Minerva Parker Nichols (May 14, 1863 – 1949) was an architect from the United States who in 1889 became the first woman to operate an independent architectural practice in the United States.  She designed at least eighty known buildings, which included homes, schools, churches, and clubhouses.

Early years and education
Minerva Parker was born May 14, 1863, in Chicago, Illinois. She was a descendant of John Doane who landed in Plymouth, in 1630, and took an active part in the government of the colony. Seth A. Doane, the grandfather of Nichols was an architect and went to Chicago when it was an outpost and trading settlement among the Native Americans. Her father, John W. Doane, died in Murfreesborough, Tennessee, during the Civil War, being a member of an Illinois Volunteer Regiment.

She studied at the Philadelphia Normal Art School, and studied modeling under John J. Boyle.

Career
Nichols entered an architect's office as draftsman. She joined the architectural firm of Frederick G. Thorn in Philadelphia.

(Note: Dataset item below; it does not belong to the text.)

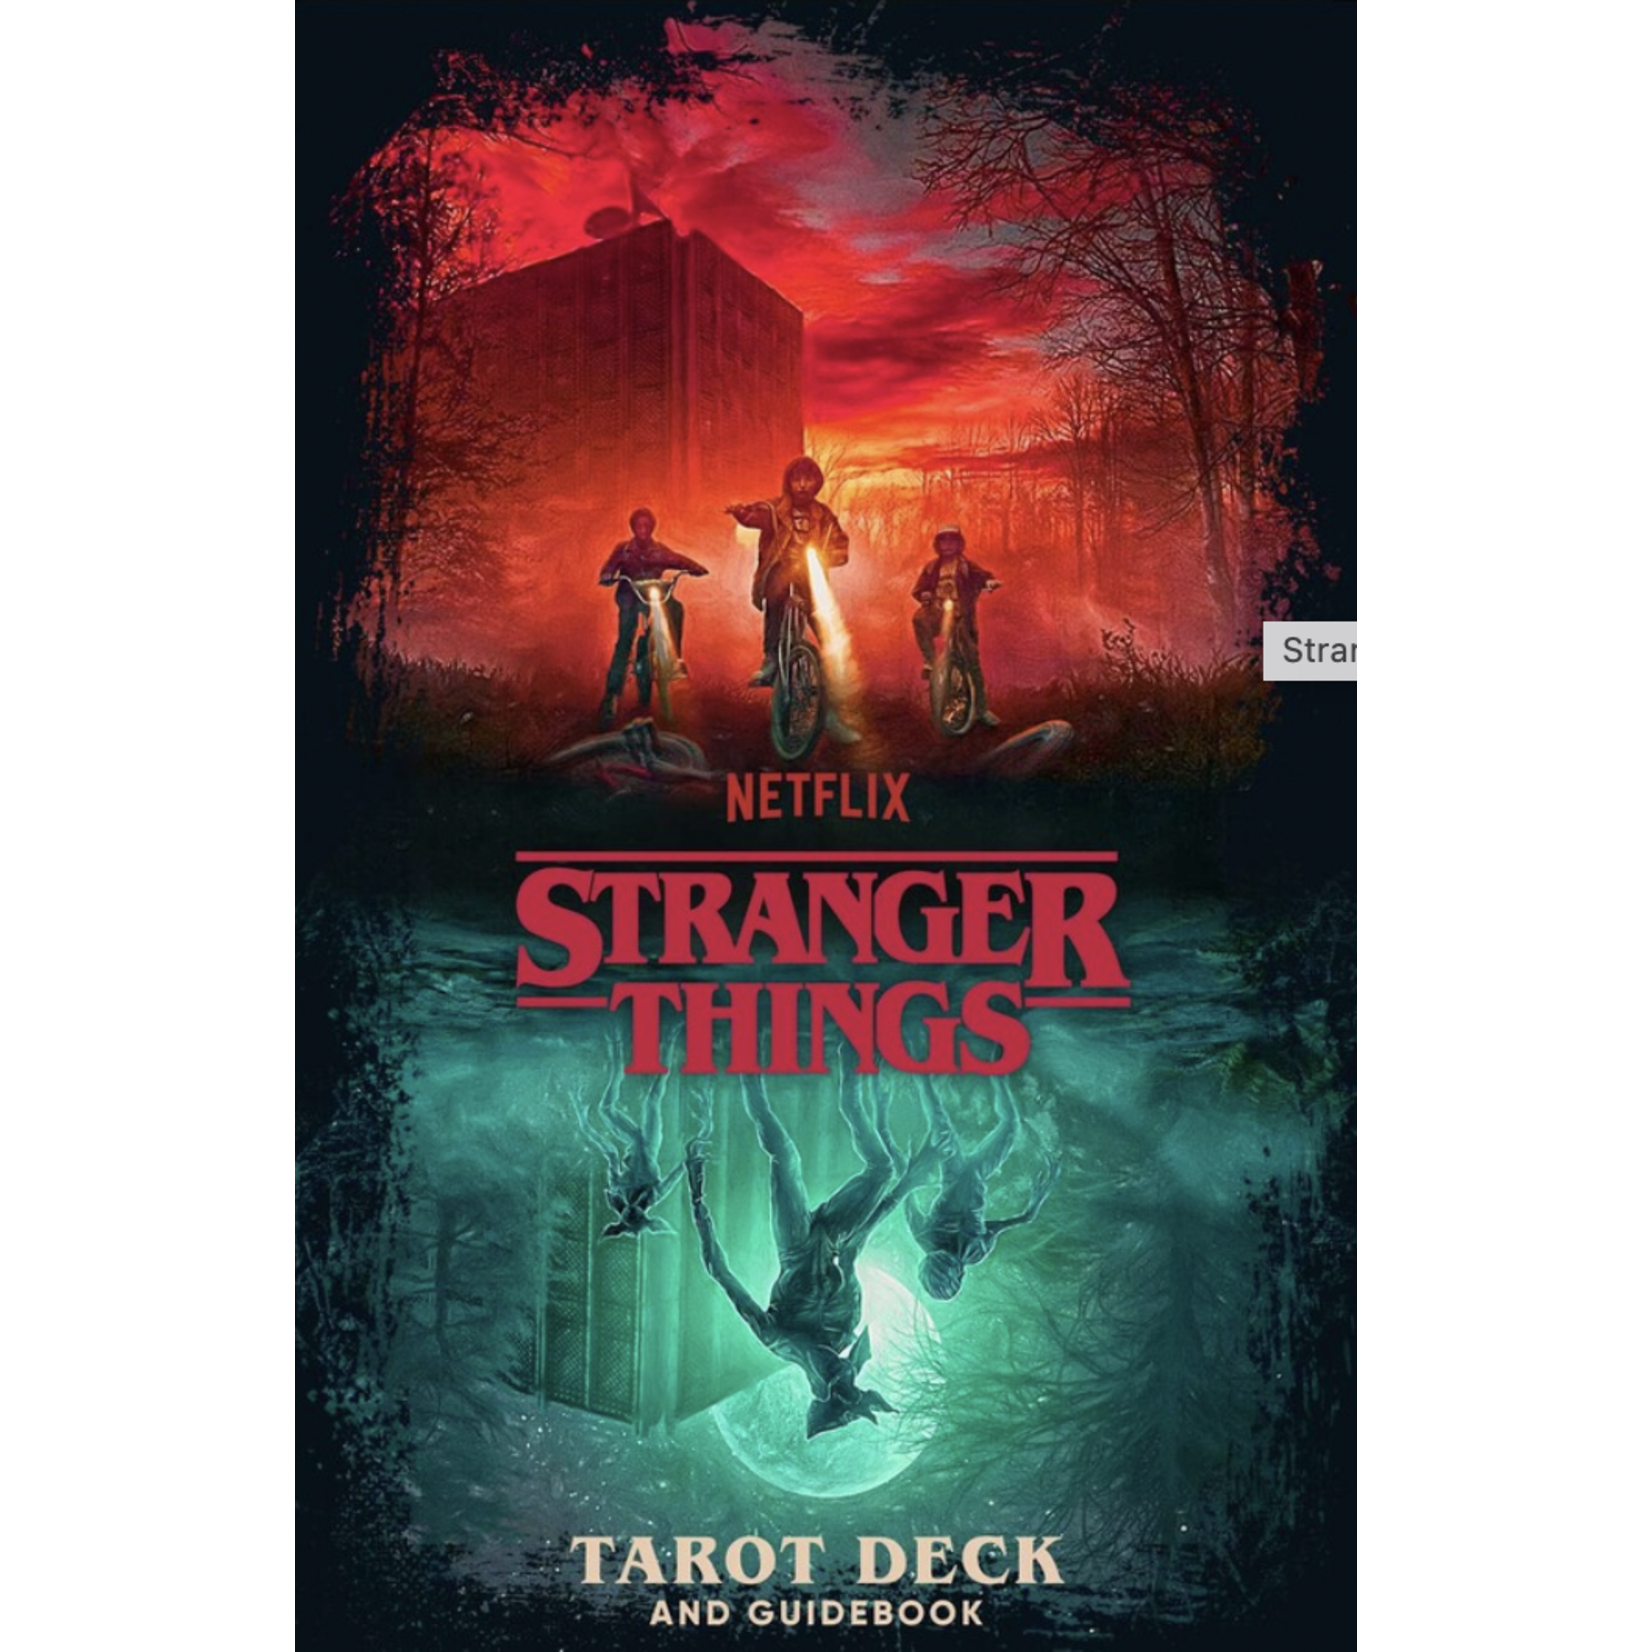 Simon & Schuster STRANGER THINGS TAROT DECK AND GUIDEBOOK

She took control of the firm after Thorn's death in 1888 and held the position for seven years. In 1896, she and her husband left the Philadelphia area and she began a private practice mostly for friends and relatives.

Nichols was the second (after Louise Blanchard Bethune) American female architect who established a very successful, although brief, business and recognition, and the first one who did so without partnership or assistance of a man.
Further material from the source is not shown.